A Huntley neighborhood leader accuses Grafton Township Supervisor Linda Moore of playing a cruel version of "finders keepers" when it comes to more than $1,000 mistakenly donated to the township food pantry, money she has yet to return.
But Moore says she can't give anything back until she has proof the donors want their money returned. Either way, on Feb. 14, the Grafton Township Board is scheduled to take a vote on returning the money to the donors.
Gerald LaBonte, an elected representative for Neighborhood 12 within the Sun City retirement community, brought the issue to the board after he said Moore spent two months stonewalling him. The money, he says, was meant for the Grafton Food Pantry, not the food pantry Moore runs.
"I turned to the board of trustees as a last resort," LaBonte said. "The supervisor won't give us the money back."
Meanwhile, Moore accuses LaBonte of starting a political witch hunt perfectly timed for the upcoming primary — two other Republicans are running against her.
"The township received a donation to support our food pantry here last year from them, so about three months later, he brings it to my attention, despite the fact that he never actually made a donation," Moore said. "So how is it possible that this gentleman is asking for a refund when he never made a donation at all?"
Last October, Neighborhood 12 held its annual food drive for the Grafton Food Pantry, a nonprofit organization that's been around since 1989, and raised $1,080.
Moore operates her own food pantry with a similar name called the Grafton Township Food Pantry. A resident new to the neighborhood delivered the checks to Moore's food pantry, not knowing there were two food pantries in Huntley, LaBonte said.
LaBonte, who says this has nothing to do with politics, connected with Moore a days later to ask for the money's return so it could be given to the other food pantry.
Moore's response was that the checks were already cashed and the money would not be returned, LaBonte said.
"It's a matter of ethics," he said. "If I get money by mistake, do I say, 'Finders keepers, losers weepers?'"
When LaBonte kept trying to contact Moore, she referred him to her attorney, who in a letter to LaBonte, said the donors had to present proof in the form of a letter, a canceled check and a request to pay the money to the Grafton Food Pantry because the donation was made in error.
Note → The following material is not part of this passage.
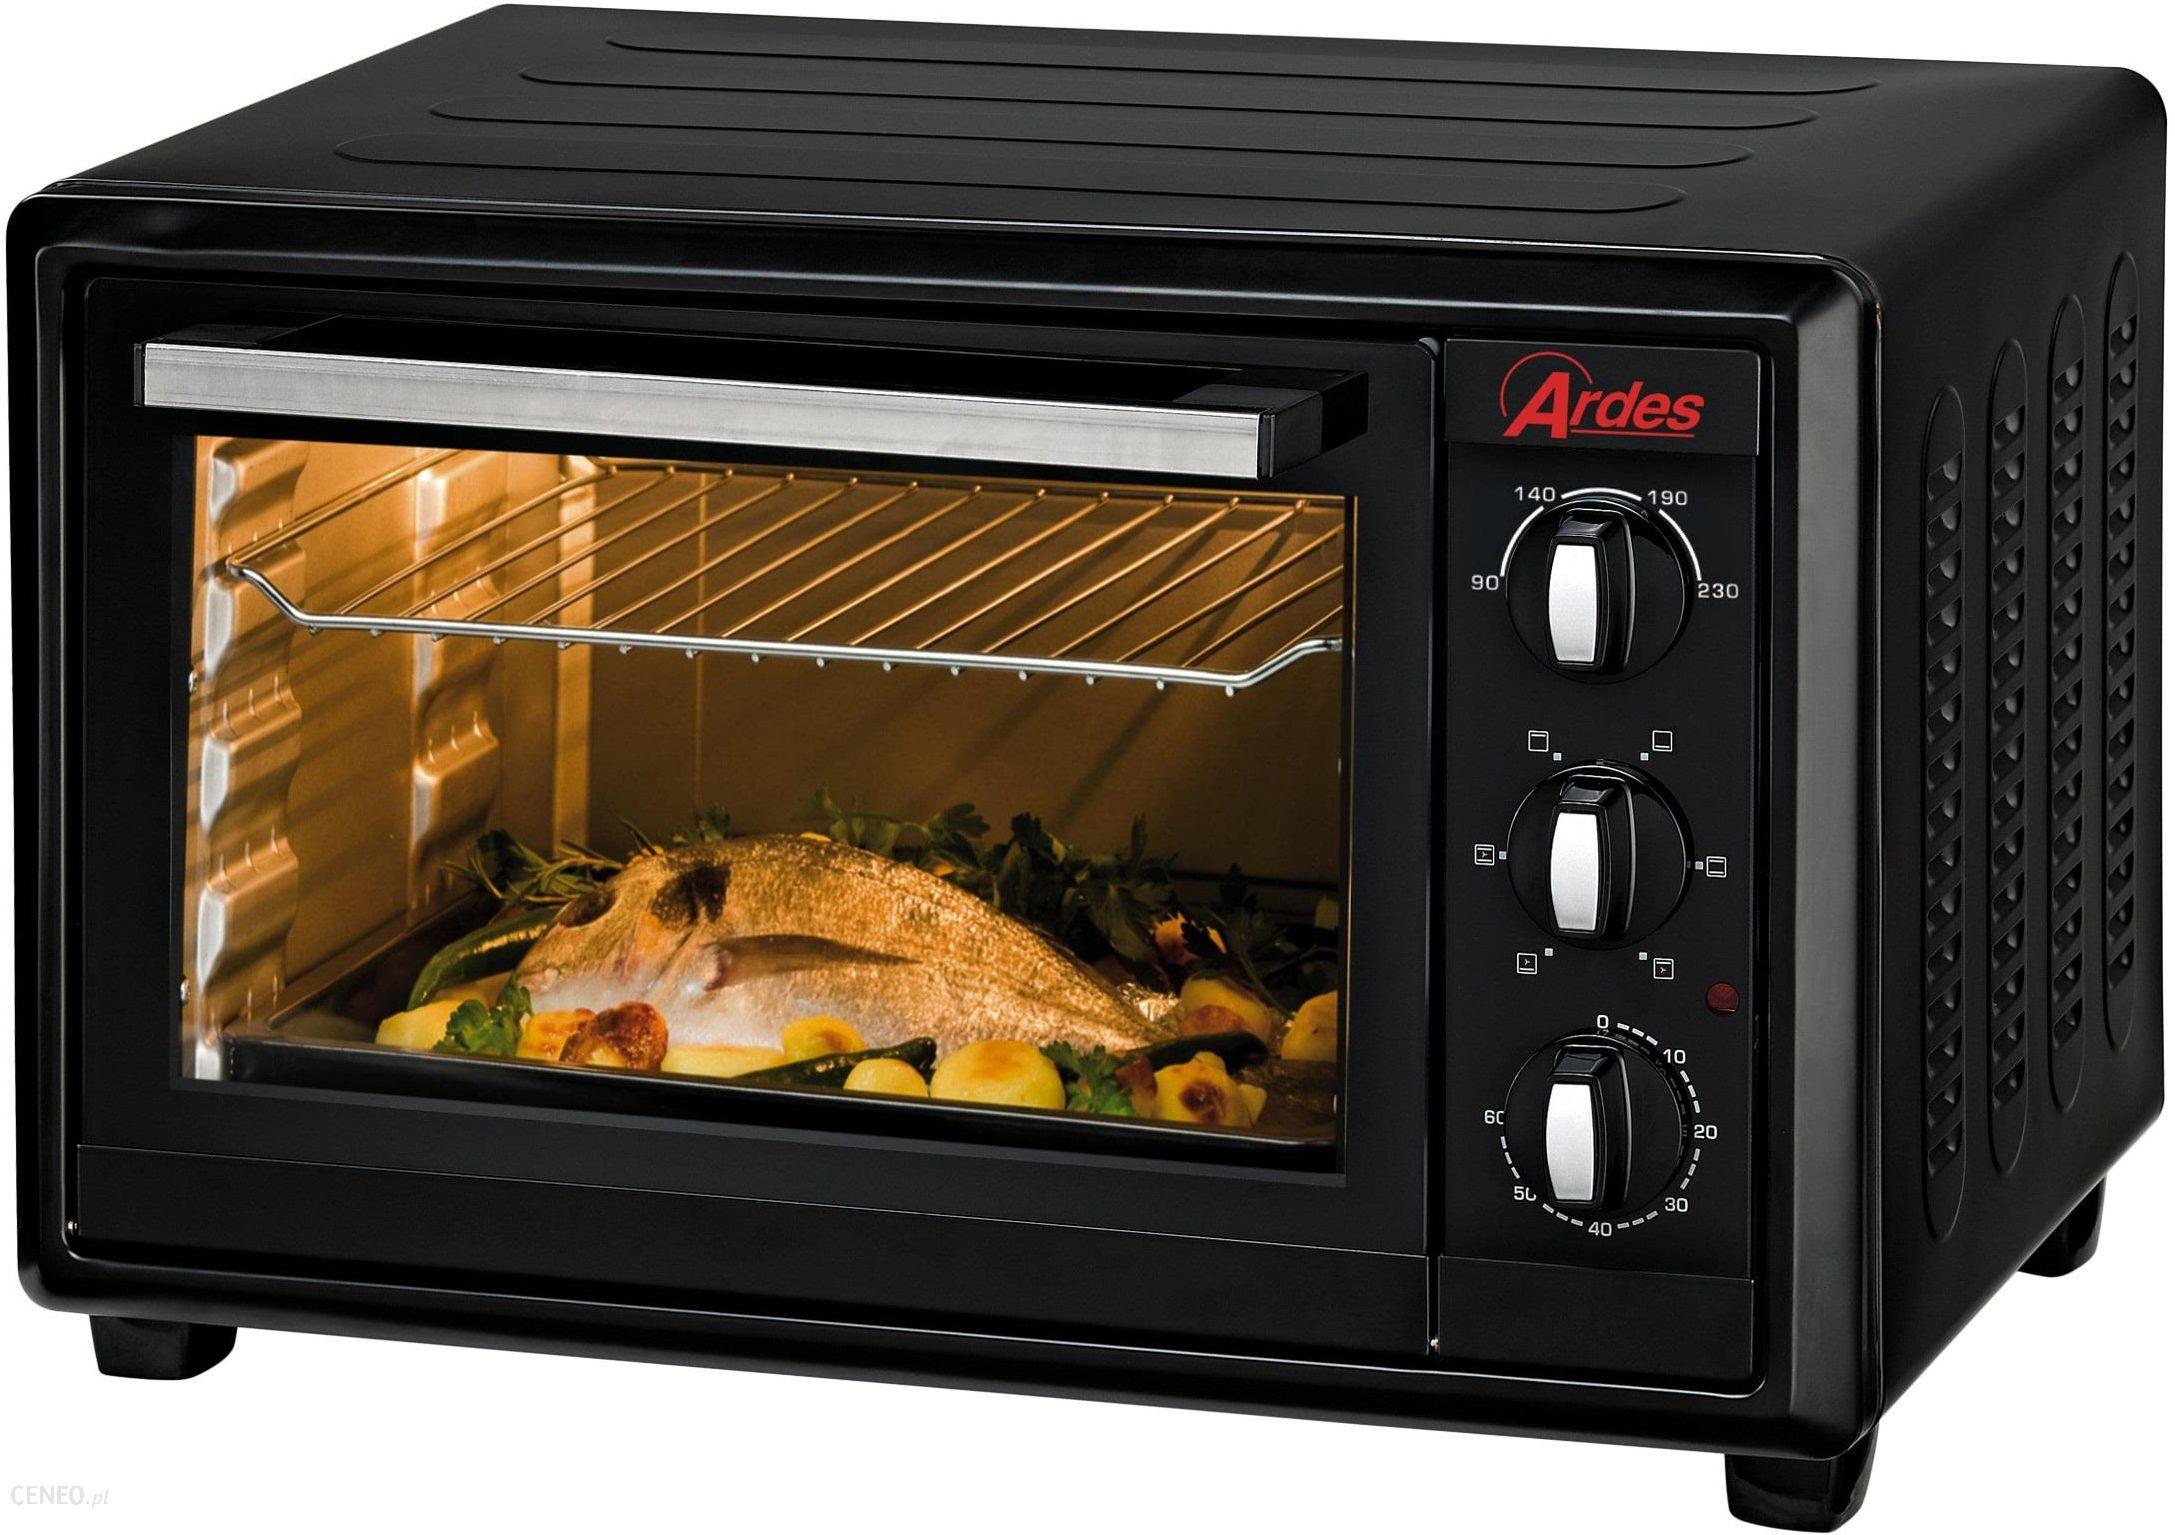 Mini piekarnik ardes 6245 opinie i ceny na - Miglior forno elettrico per pizzeria ...

That would allow the township to make sure the claims were legitimate.
"I have to get verification in writing to ensure that the people actually do want a refund," Moore said.
"As the person in charge of the township finances, I have to be able to present to the board documentation if I expect them to approve a payment."
In the end, LaBonte, who was able to stop payment on his own $75 check, accounted for 14 checks that totaled $640.
That's the money LaBonte wants returned — Moore can have the rest for the inconvenience, he said.
But Township Trustee Barb Murphy said it isn't right LaBonte has to go through so much get the money back, when Moore can end the drama now.
"She knew about it for two meetings before this man even came," Murphy said. "I don't think it's right that they have to jump through all these hoops and go through this nonsense."